Роман Фёдора Достоевского «Братья Карамазовы». Часть 1

Я не читал в жизни почти никакой художественной литературы, но в прошлом году прочёл «Братьев Карамазовых» Достоевского, и мне даже понравилось. Как в любой книге, я подчёркивал то, что хотел сохранить. Пришло время это опубликовать.

В первой части — места, где просто хорошо написано. Курсив мой:

Физиономия его представляла к тому времени что-то резко свидетельствовавшее о характеристике и сущности всей прожитой им жизни.

Во взгляде его случалась странная неподвижность: подобно всем очень рассеянным людям, он глядел на вас иногда в упор и подолгу, а между тем совсем вас не видел.

Он озирался с некоторым любопытством, не лишённым некоторой напущенной на себя развязности.
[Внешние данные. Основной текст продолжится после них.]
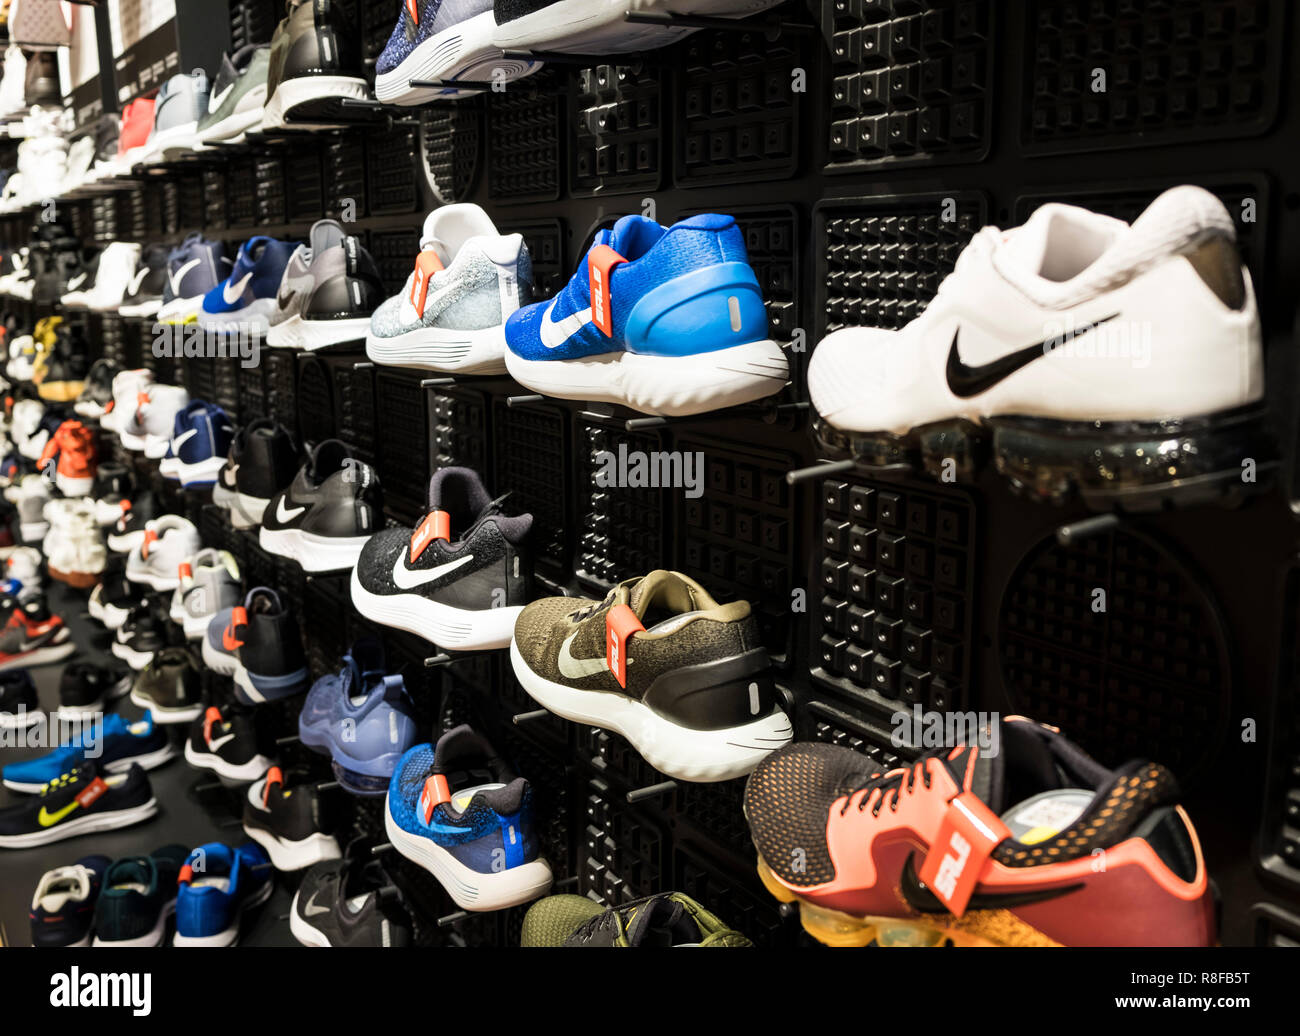 Scarpe Nike Immagini e Fotos Stock - Alamy

Было, однако, странно; их по-настоящему должны бы были ждать и, может быть, с некоторым даже почётом: один недавно ещё тысячу рублей пожертвовал, а другой был богатейшим помещиком и образованнейшим, так сказать, человеком, от которого все они тут отчасти зависели по поводу ловель рыбы в реке, вследствие оборота, какой мог принять процесс. И вот, однако ж, никто из официальных лиц их не встречает.

Любопытно, как прошедшее время превратилось в настоящее. Через это отделяется фантазия от реальности.

Точно так же поступил и Фёдор Павлович, на этот раз как обезьяна совершенно передразнив Миусова.

Вся келья была очень необширна и какого-то вялого вида.

Внизу у деревянной галерейки, приделанной к наружной стене ограды, толпились на этот раз всё женщины, баб около двадцати.

Есть у старых лгунов, всю жизнь свою проактёрствовавших, минуты, когда они до того зарисуются, что уже воистину дрожат и плачут от волнения, несмотря на то, что даже в это самое мгновение (или секунду только спустя) могли бы сами шепнуть себе: «Ведь ты лжёшь, старый бесстыдник, ведь ты актёр и теперь, несмотря на весь твой „святой“ гнев и „святую“ минуту гнева».

Старец шагнул по направлению к Дмитрию Фёдоровичу и, дойдя до него вплоть, опустился пред ним на колени. Алёша подумал было, что он упал от бессилия, но это было не то. Став на колени, старец поклонился Дмитрию Фёдоровичу в ноги полным, отчётливым, сознательным поклоном и даже лбом своим коснулся земли. Алёша был так изумлён, что даже не успел поддержать его, когда тот поднимался.

Сердце он имел весьма беспокойное и завистливое. Значительные свои способности он совершенно в себе сознавал, но нервно преувеличивал их в своём самомнении.

В последнем случае он всегда умел себя сдерживать и даже сам себе дивился насчёт этого в иных случаях.

Здесь нотабене. Фёдор Павлович слышал, где в колокола звонят [...] Но, высказав свою глупость, он почувствовал, что сморозил нелепый вздор, и вдруг захотелось ему тотчас же доказать слушателям, а пуще всего себе самому, что сказал он вовсе не вздор. И хотя он отлично знал, что с каждым будущим словом всё больше и нелепее будет прибавлять к сказанному уже вздору ещё такого же, — но уж сдержать себя не мог и полетел как с горы.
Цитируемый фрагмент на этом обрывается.